Switching statin therapy using a pharmacist-managed therapeutic conversion program versus usual care conversion among indigent patients
- PMID: 18447653
- DOI: 10.1592/phco.28.5.553
Switching statin therapy using a pharmacist-managed therapeutic conversion program versus usual care conversion among indigent patients
Abstract
STUDY OBJECTIVE. To evaluate the effectiveness of switching statin therapy using a therapeutic conversion program versus usual care conversion among patients enrolled in the Colorado Indigent Care Program when atorvastatin was removed from the formulary.
Design: Prospective cohort study.
Setting: Family medicine center and other ambulatory care clinics of a university-based health care system.
Patients: One hundred seventeen ambulatory care patients with dyslipidemia who were treated with atorvastatin.
Intervention: Clinical pharmacists in the family medicine center implemented a therapeutic conversion program (30 patients), switching atorvastatin to a new formulary regimen of simvastatin, rosuvastatin, or ezetimibe-simvastatin, using an algorithm designed to achieve patient-specific goals for low-density lipoprotein cholesterol (LDL).
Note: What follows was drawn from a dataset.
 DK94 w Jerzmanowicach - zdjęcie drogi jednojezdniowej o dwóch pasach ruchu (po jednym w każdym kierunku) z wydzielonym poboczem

Usual care occurred in the other ambulatory care clinics without clinical pharmacists (87 patients), where medical providers switched atorvastatin to a formulary regimen based on a suggested (but optional) equipotency conversion algorithm.
Measurements and main results: Primary end points were LDL concentration and LDL goal attainment before and after conversion. Before and after conversion, respectively, mean LDL concentrations were 86.7 and 82.3 mg/dl in the therapeutic conversion group (p=0.44) versus 78.3 and 85.2 mg/dl in the usual care group (p=0.01). Percentages of patients attaining LDL goal were 80% before and 97% after conversion in the therapeutic conversion group (p=0.04) compared with 90% before and 75% after conversion in the usual care group (p=0.01).
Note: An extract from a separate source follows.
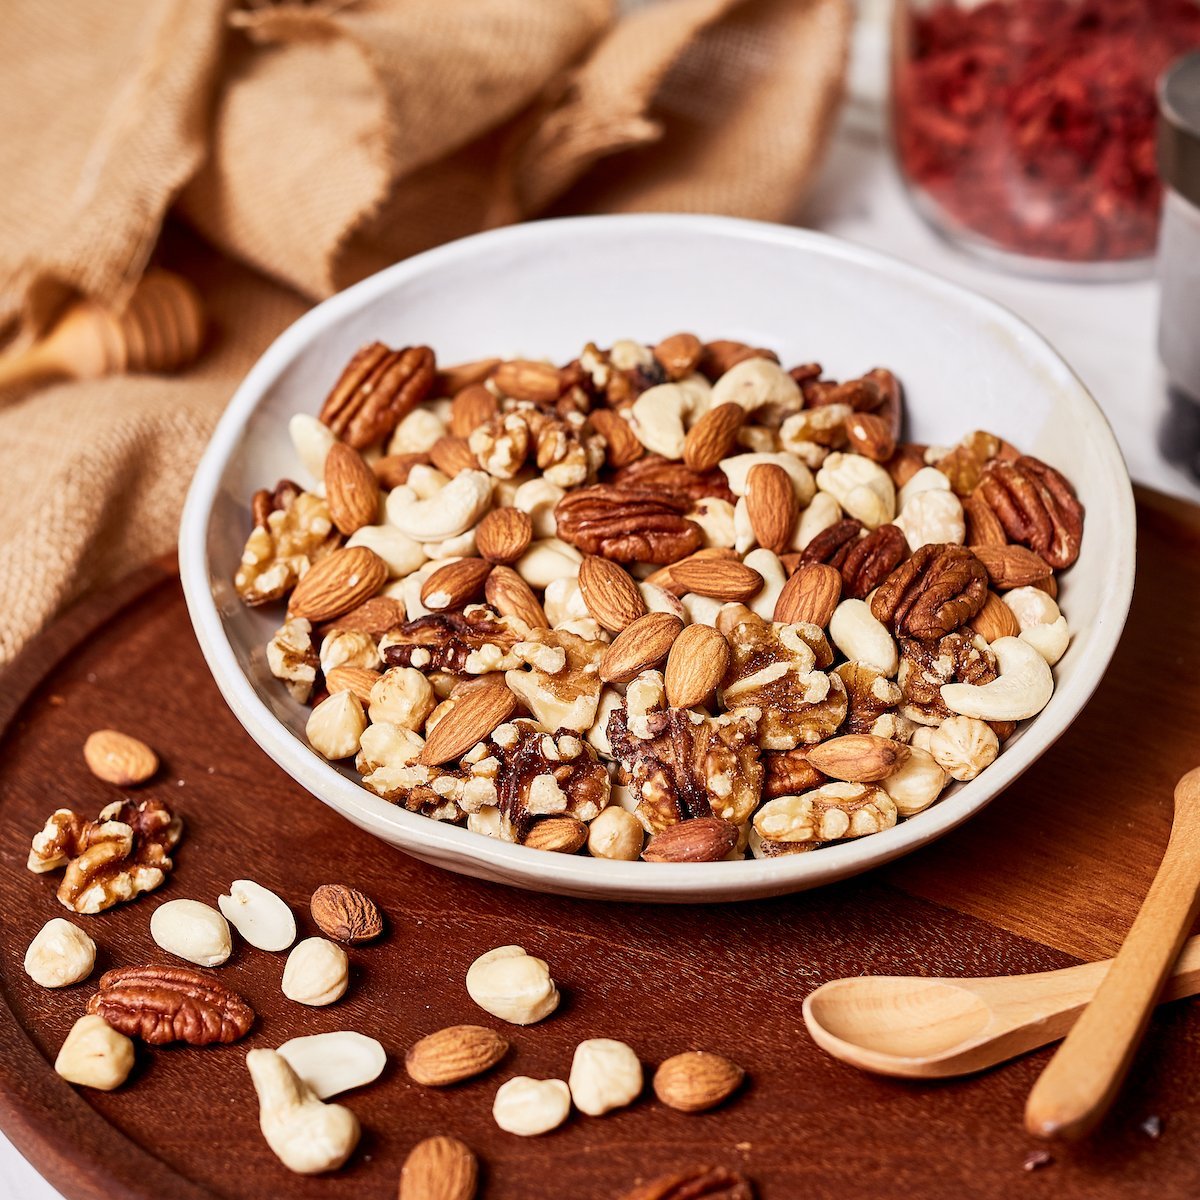 Amazin' Graze Healthy Nutty Protein Trail Mix

Conclusion: Use of a prospective, therapeutic statin conversion program was associated with increased control of dyslipidemia, whereas usual care statin conversion was associated with decreased control. These data suggest that proactive involvement of clinical pharmacists in converting lipid-lowering drugs results in superior patient care outcomes compared with a less aggressive approach.